Patient Safety and Adherence to Self-Administered Medications
Spall H, Van-Spall C, Nieuwlaat R, et al. Patient Safety and Adherence to Self-Administered Medications. PSNet [internet]. Rockville (MD): Agency for Healthcare Research and Quality, US Department of Health and Human Services. 2011.
Spall H, Van-Spall C, Nieuwlaat R, et al. Patient Safety and Adherence to Self-Administered Medications. PSNet [internet]. Rockville (MD): Agency for Healthcare Research and Quality, US Department of Health and Human Services. 2011.
The Case
A 30-year-old man, with HIV and a recent diagnosis of central nervous system (CNS) toxoplasmosis, returned to the emergency department (ED) of a community hospital for the third time in two weeks.
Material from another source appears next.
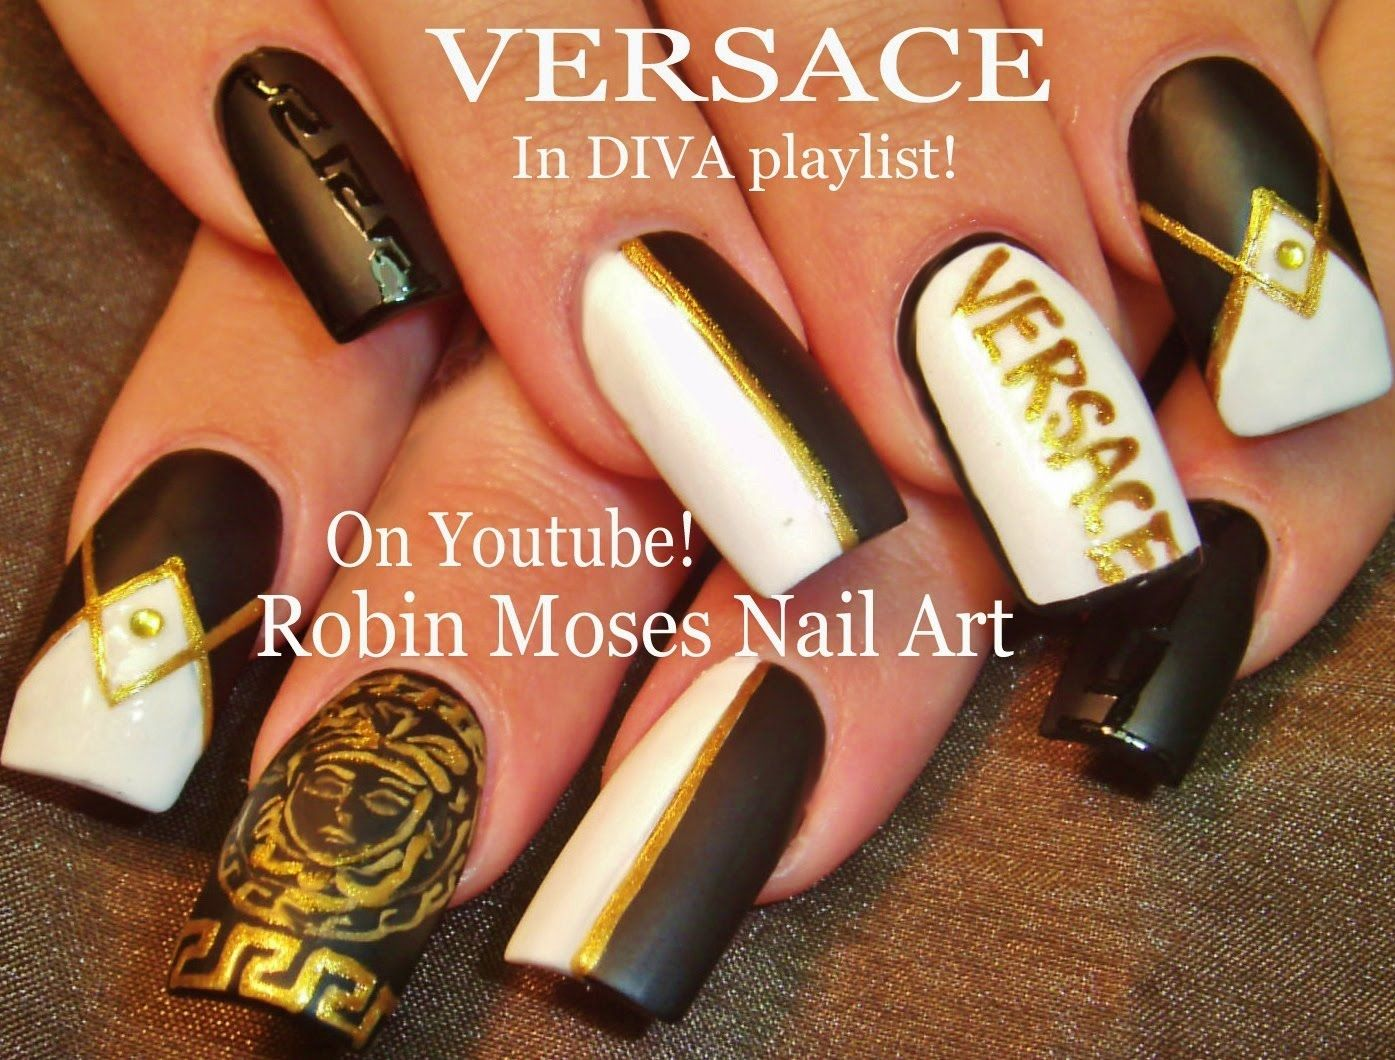 Nail Art Tutorial | DIY Matte Black & White Nails | Versace Diva ...

Two months earlier, the patient was diagnosed at a university hospital with toxoplasmosis, based on characteristic brain lesions on MRI and presence of the parasite's DNA in his cerebrospinal fluid (via polymerase chain reaction). He was discharged on standard treatment for CNS toxoplasmosis (pyrimethamine, sulfadiazine, and folinic acid) and HIV disease (anti-retroviral medications). Two weeks before this ED visit, he was admitted to the community hospital with seizures. Imaging showed no change in the brain lesions. He was discharged on the anti-seizure medication phenytoin. The day before this ED visit, the patient had a second seizure that led to a motor vehicle accident. He was brought to the community hospital's ED, an MRI of his brain showed no change, and he was discharged home.
He returned the next day, this time complaining of new onset right-sided weakness. Compared to the MRI one day earlier, CT showed increased swelling of his brain and compression of his frontal lobe. Medical staff were now worried that this patient had treatment-resistant toxoplasmosis or another brain disease, and transferred him to the university hospital where the original diagnosis had been made.
During the workup at the university hospital, the patient said that his symptoms had improved after he was initially discharged two months earlier. However, one month earlier, he ran out of his medications for toxoplasmosis. He did not have any refills and did not know how to obtain refills. He continued the anti-retroviral HIV medications for which he had refills. Soon after stopping the toxoplasmosis medications he began to experience headaches, then seizures and other symptoms that led to his multiple presentations over the prior two weeks. The patient was restarted on appropriate therapy for CNS toxoplasmosis and his symptoms improved.
The Commentary
"Drugs don't work in people who don't take them." – C. Everett Koop
This case portrays low treatment adherence that is life-threatening. Adherence, the extent to which patients take their treatments as prescribed, is surprisingly low with prescriptions for medications, and even lower with prescribed lifestyle changes. Even when their medications are fully covered by insurance, more than 40% of patients are non-adherent.(1) Patients who are non-adherent usually take too few rather than too many doses, and are at increased risk of death, disability, and hospitalization.(2,3) Adherence to treatment may represent a surrogate marker for healthy behavior, which confers a survival advantage that is independent of the benefits of the treatment itself and is known as "the healthy adherer effect."(2) Of all medication-related hospital admissions in the United States, up to 69% may be due to poor medication adherence, with an estimated cost of $100 billion per year.(4)
Effectively managing low adherence in individual patients begins with detection. Practical methods for monitoring adherence include: (i) Watching for non-attendance: did this patient have a follow-up appointment? If so, did anyone take action when he did not attend? (ii) Watching for a less-than-expected response (clearly evident in this case). (iii) Measuring serum drug or metabolite levels (e.g., for this man's anticonvulsants). (iv) Asking the patient: "People often have difficulty taking all of their pills. During the past week, did you miss any of your medications?" An affirmative response to this question is associated with less than 60% adherence.(5) Other methods of monitoring adherence include proprietary medication electronic monitoring systems (which are expensive), prescription refill counts (which require pharmacy collaboration) and manual pill counts during home visits, comparing pill numbers with prescribed rates of intake.(5)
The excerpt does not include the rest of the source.